Structural evolution of a poly(amic acid) based on 5-amino-2-(4-aminophenyl)benzoxazole (BOA) and 3,3′,4,4′-biphenyl tetracarboxylic dianhydride (BPDA) in solid film during thermal imidization was investigated using Fourier transform infrared spectroscopy (FTIR), wide-angle X-ray diffraction (WAXD), ultraviolet–visible spectroscopy and computation techniques. The results of FTIR and geometries of the model compounds optimized using density functional theory (DFT) method revealed the changes of the chemical functionalities and electrical effect accompanying the thermal imidization reaction. The electronic charges of both the para-disubstituted phenyl and oxazole rings in BOA residues would be simultaneously withdrawn towards the BPDA residues as the imidization reaction proceeded.
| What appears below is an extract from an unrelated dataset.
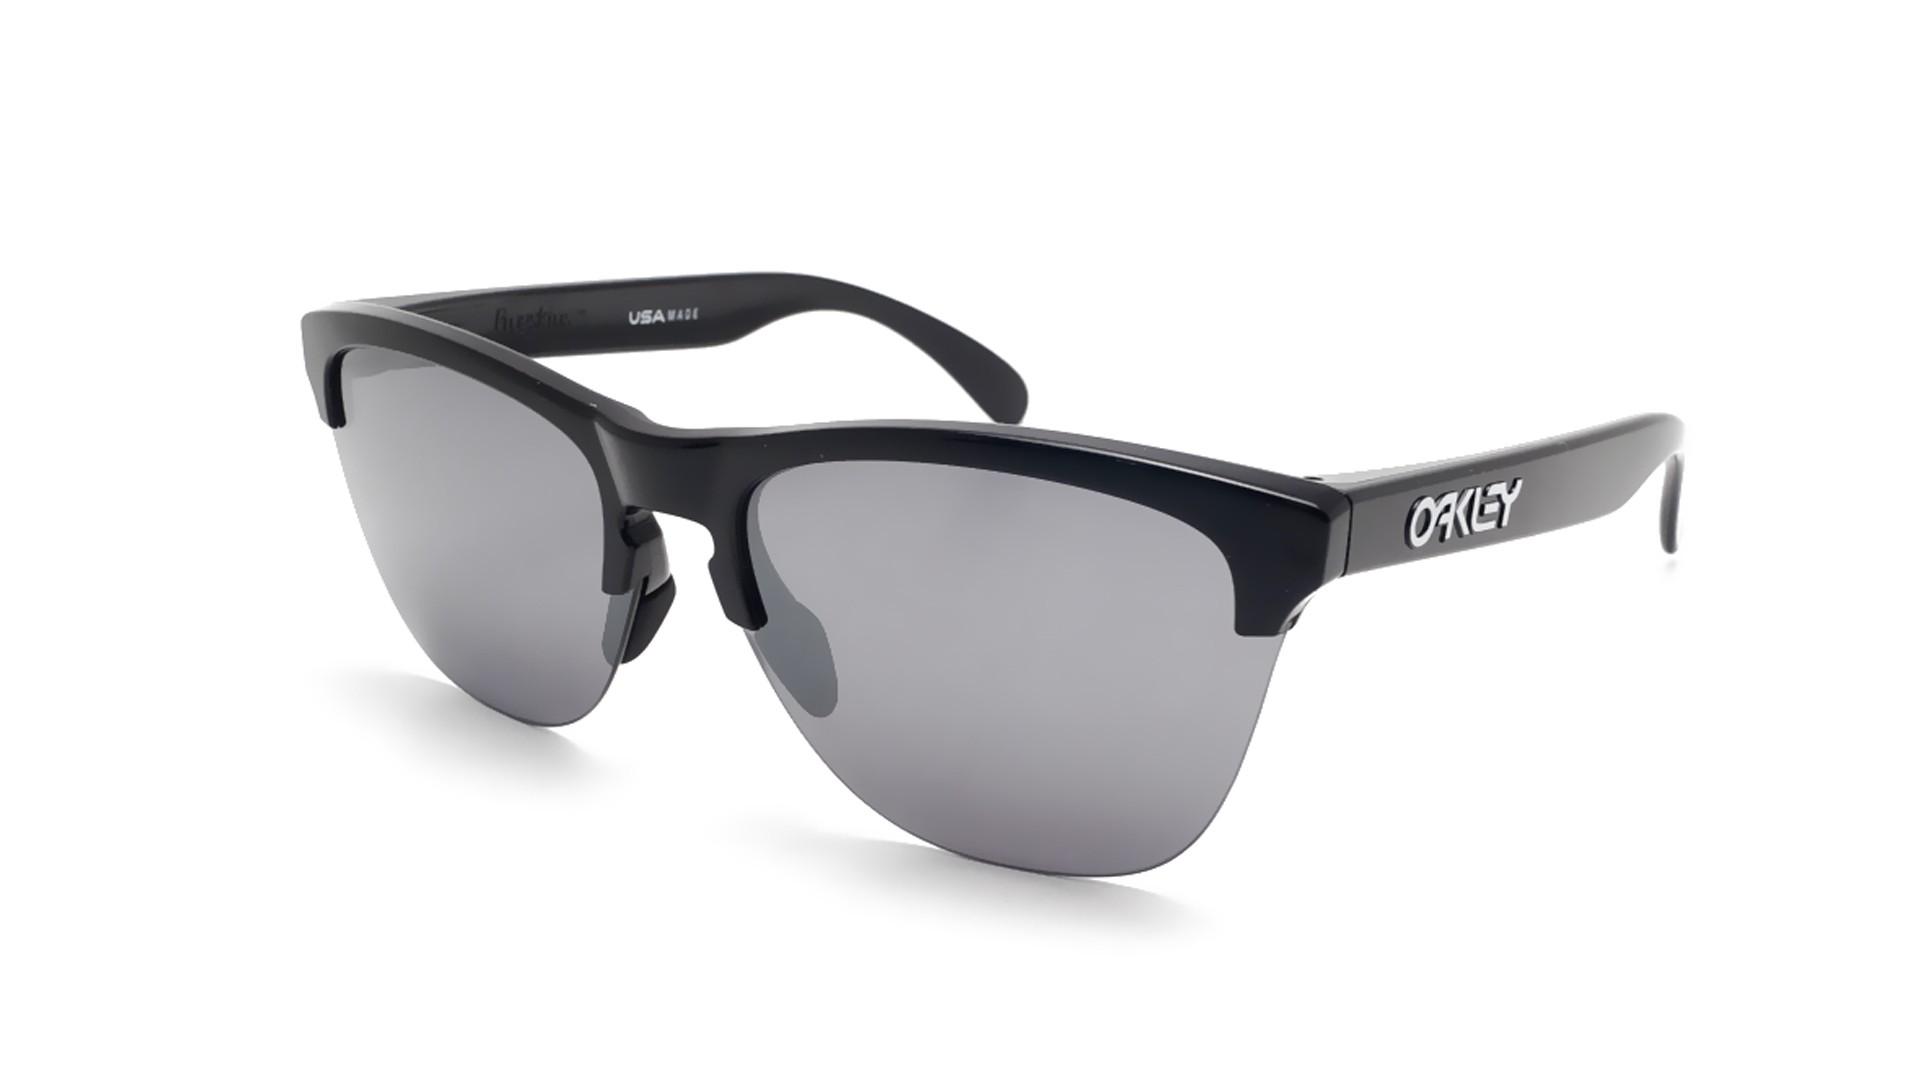 387b400c90 Sunglasses Oakley Frogskins Lite Black Prizm OO9374 10 63-10 Large Flash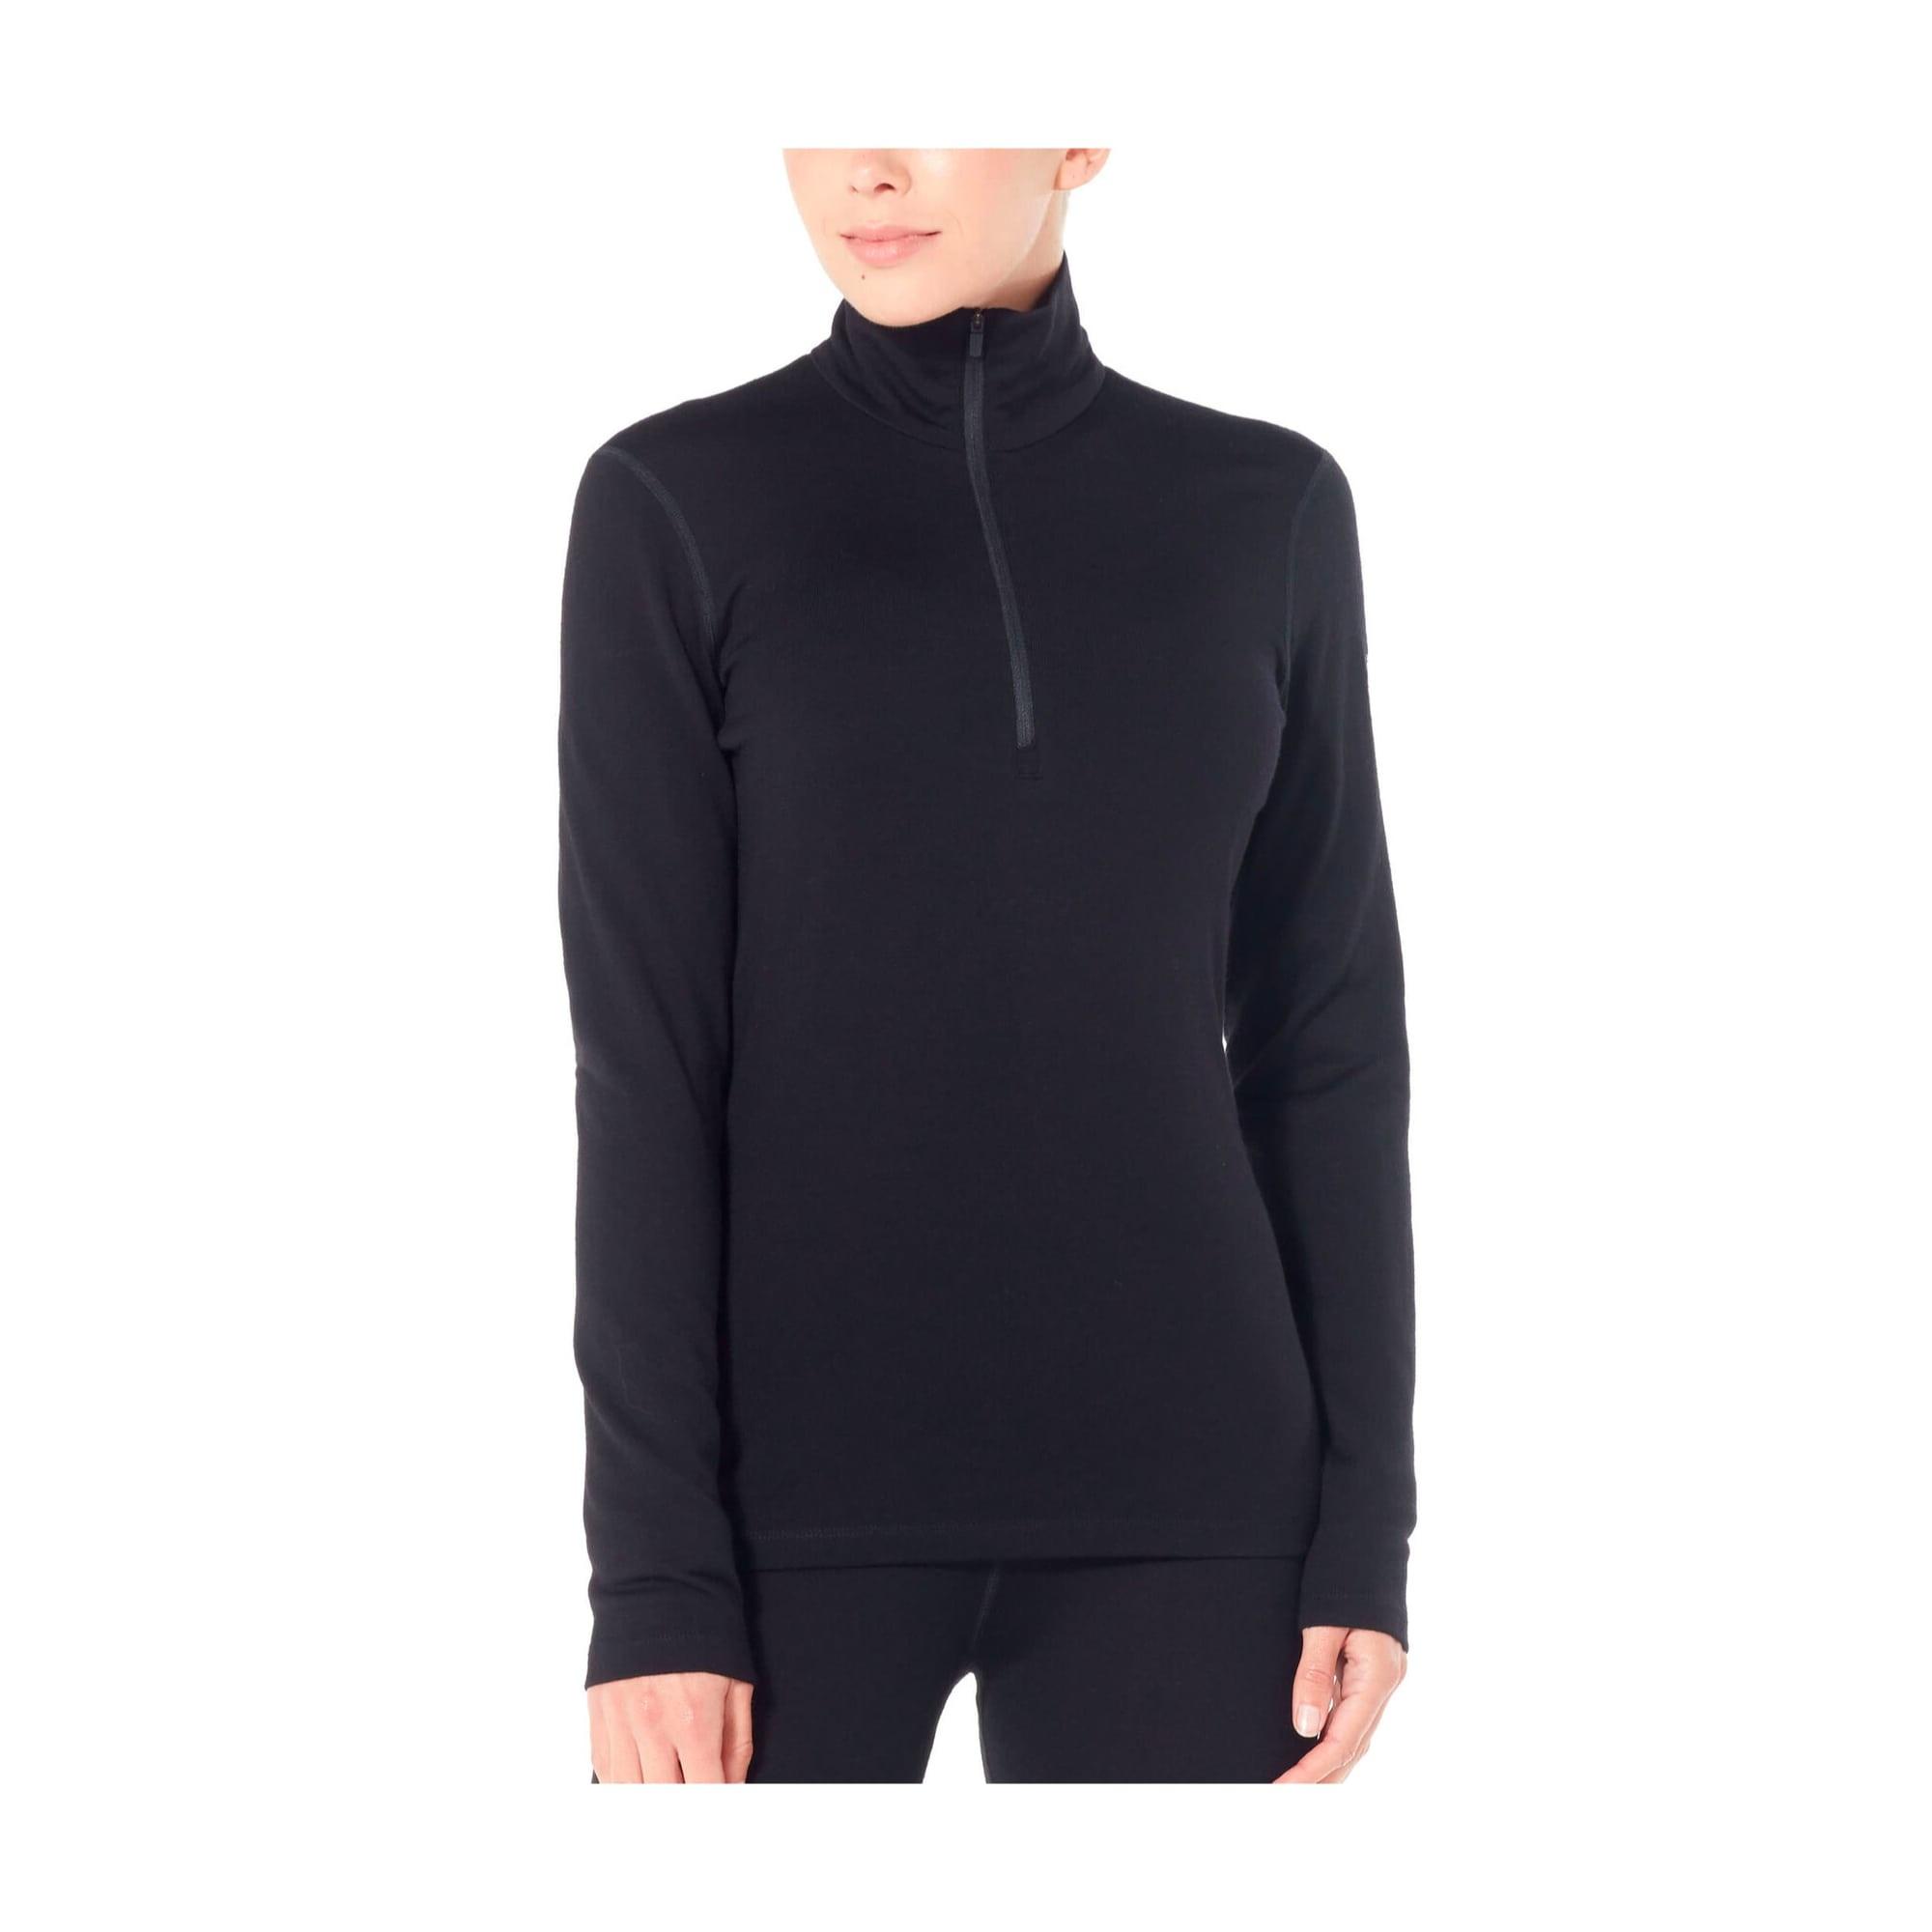 Women's 260 Tech Long Sleeve Half Zip-2

The WAXD results suggested that the molecular aggregation structures evolved from an overall amorphous morphology to a mixture of a highly ordered crystalline domain and an amorphous matrix. The highly ordered structures evolved via a three-step process: initial formation of a face-to-face π-stacking order in the short range, subsequent formation of an interchain ordered packing and final formation of crystalline structure by simultaneous improvement of the two orders. In particular, the formation of the interchain ordered packing required a very high imidization degree. Meanwhile, the average interchain distances in the amorphous matrix decreased with the evolution of the ordered structures in the ordered domain. Additionally, the cut-off wavelength and the transmittance (%) at 500 nm of the films changed obviously due to the structural evolution during the thermal imidization.